Non-formal learning includes various structured learning situations which do not either have the level of curriculum, syllabus, accreditation and certification associated with 'formal learning', but have more structure than that associated with 'informal learning', which typically take place naturally and spontaneously as part of other activities. These form the three styles of learning recognised and supported by the OECD.

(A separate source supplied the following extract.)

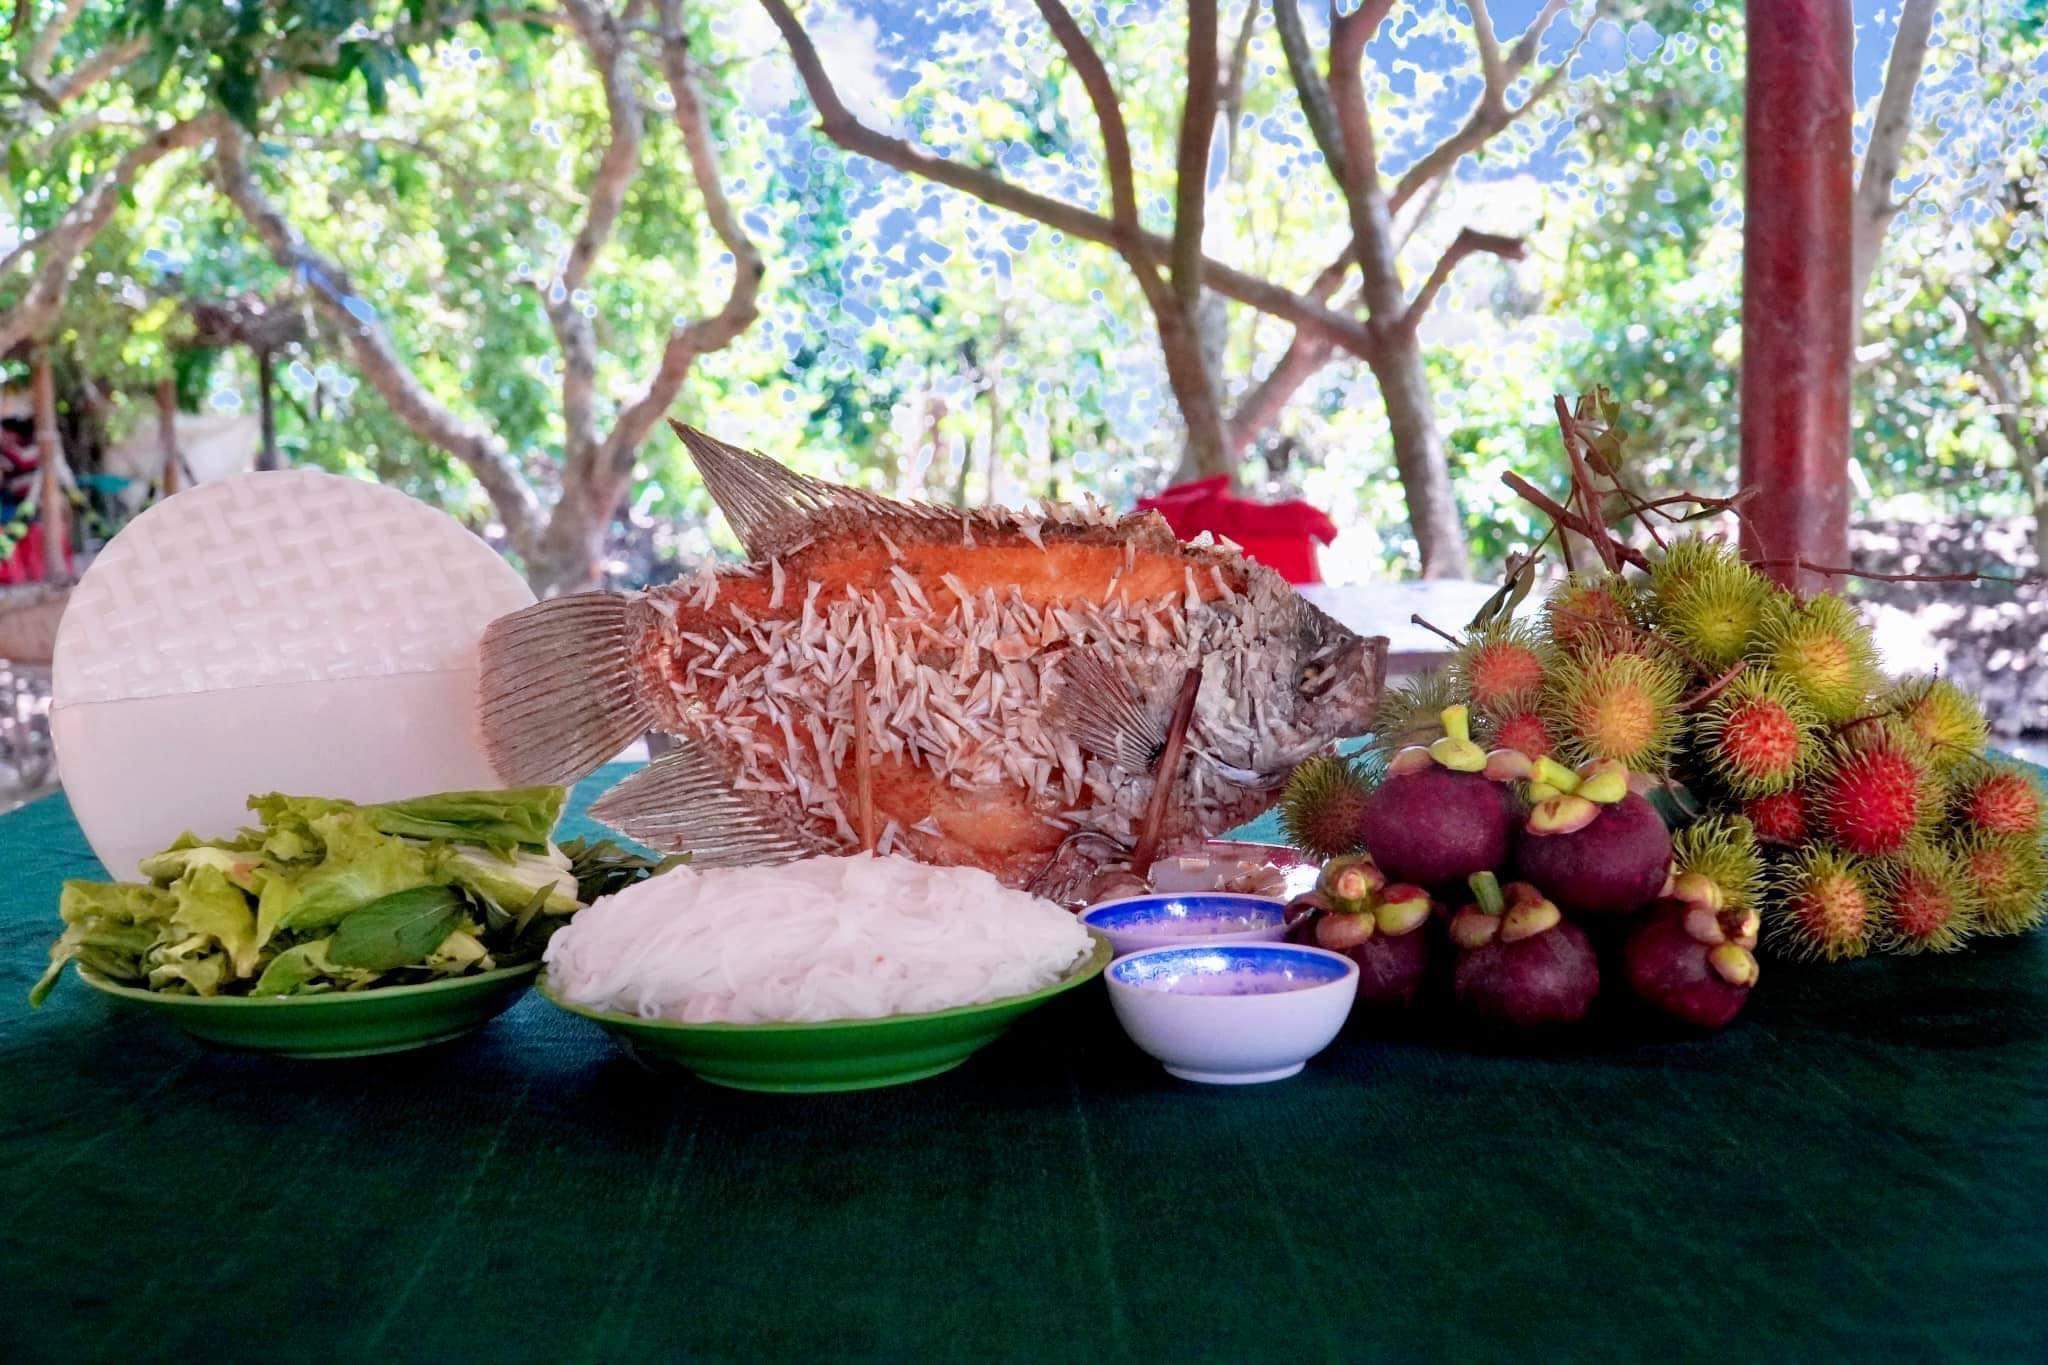 Những vườn trái cây sum sê, những món ăn dân dã đậm chất sông nước luôn thu hút du khách khi đến với Du lịch Vĩnh Long.

Examples of non-formal learning include swimming sessions for toddlers, community-based sports programs, and programs developed by organisations such as the Boy Scouts, the Girl Guides, community or non-credit adult education courses, sports or fitness programs, professional conference style seminars, and continuing professional development. The learner's objectives may be to increase skills and knowledge, as well as to experience the emotional rewards associated with increased love for a subject or increased passion for learning.

History
The debate over the relative value of formal and informal learning has existed for a number of years. Traditionally formal learning takes place in a school or university and has a greater value placed upon it than informal learning, such as learning within the workplace. This concept of formal learning being the socio-cultural accepted norm for learning was first challenged by Scribner and Cole in 1973, who claimed most things in life are better learnt through informal processes, citing language learning as an example. Moreover, anthropologists noted that complex learning still takes place within indigenous communities that had no formal educational institutions.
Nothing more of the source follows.